Le contrat de commission de transport est conclu entre le commettant et un commissionnaire pour que ce dernier organise des transports de marchandises.

Cela ne fait pas du commissionnaire un transporteur. En effet, le commissionnaire agit en tant qu’intermédiaire entre le commettant et les transporteurs. Il utilise les moyens nécessaires au déplacement des marchandises d'un point à un autre.

Les articles L1432-7 à L1432-11 du Code des transports indiquent que les contrats de commission de transport sont soumis aux règles générales des contrats de transport de marchandises.
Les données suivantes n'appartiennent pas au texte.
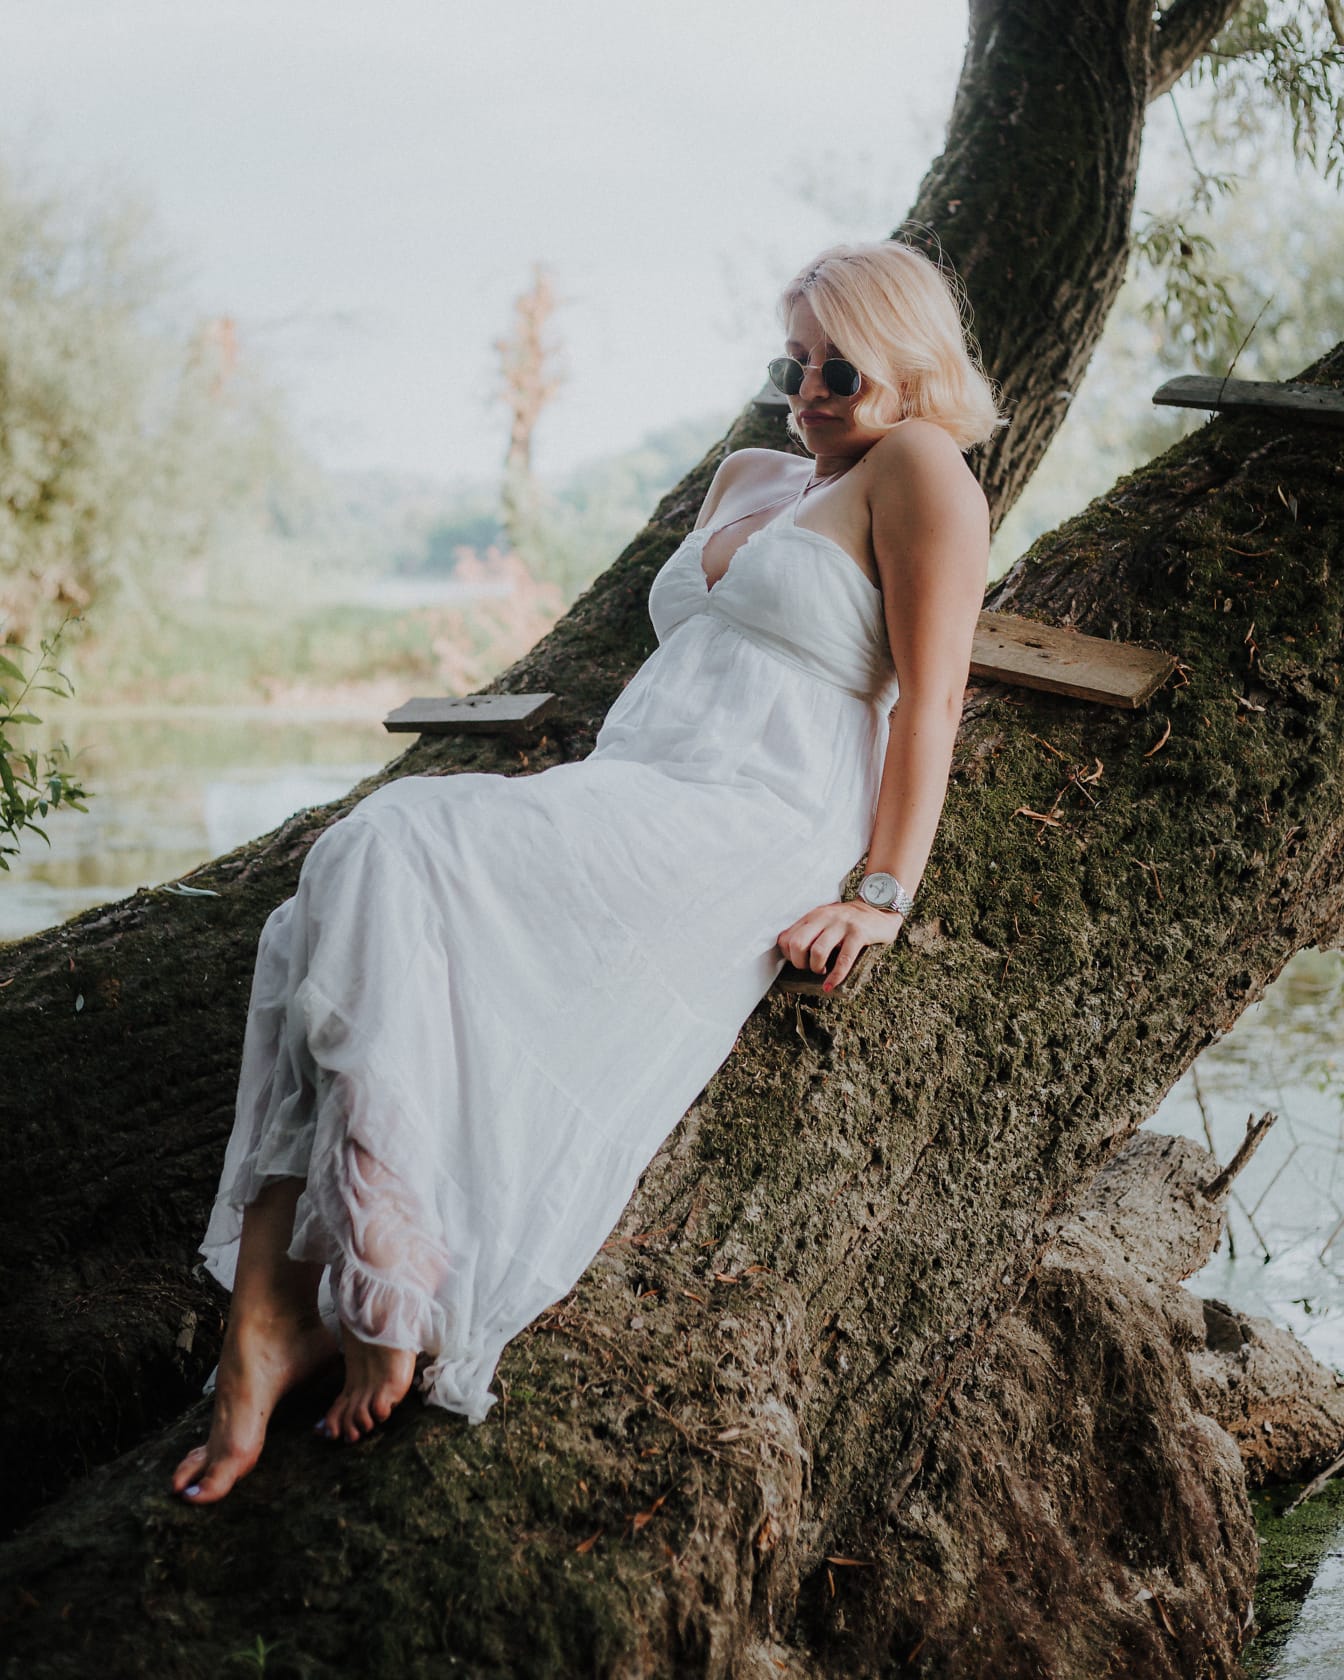 Linda mulher sedutora descalça em um vestido branco deitado em uma árvore

Ainsi, un contrat de commission de transport contient :

  • L’objet et la nature du transport ;
  • Les modalités d’exécution du transport, d’enlèvement et de livraison des marchandises ;
  • Les obligations du commettant, du transporteur, du commissionnaire et du destinataire ;
  • Le prix du transport et des missions annexes.

Les obligations des parties au contrat de commission

Les obligations du commettant

Le commettant se doit de :

  • Garantir au commissionnaire une rémunération pour les actes qu’il réalise pour son compte, sous la forme d’un pourcentage appliqué à chaque opération ou d’une commission fixe ;
  • Rembourser les frais supportés par le commissionnaire pendant ses missions.

Les obligations du commissionnaire

Le commissionnaire doit respecter de nombreuses obligations :

  • L’obligation de confidentialité : il ne doit pas divulguer l’identité du commettant à des tiers.
  • L’obligation de résultat : le commissionnaire s’engage à remplir la mission confiée et à respecter les instructions données par le commettant.
  • L’obligation de non-concurrence : il ne doit pas réaliser des opérations avec un commettant concurrent.
  • L’engagement de sa responsabilité en cas de faute : le commettant ne peut pas être mis en cause. Les tiers ne peuvent se retourner que contre le commissionnaire.
  • L’obligation d’information : il doit porter à la connaissance du commettant toutes les opérations qu’il a réalisées.
  • L’obligation de ne pas agir pour son propre compte, sauf autorisation expresse du commettant dans la convention.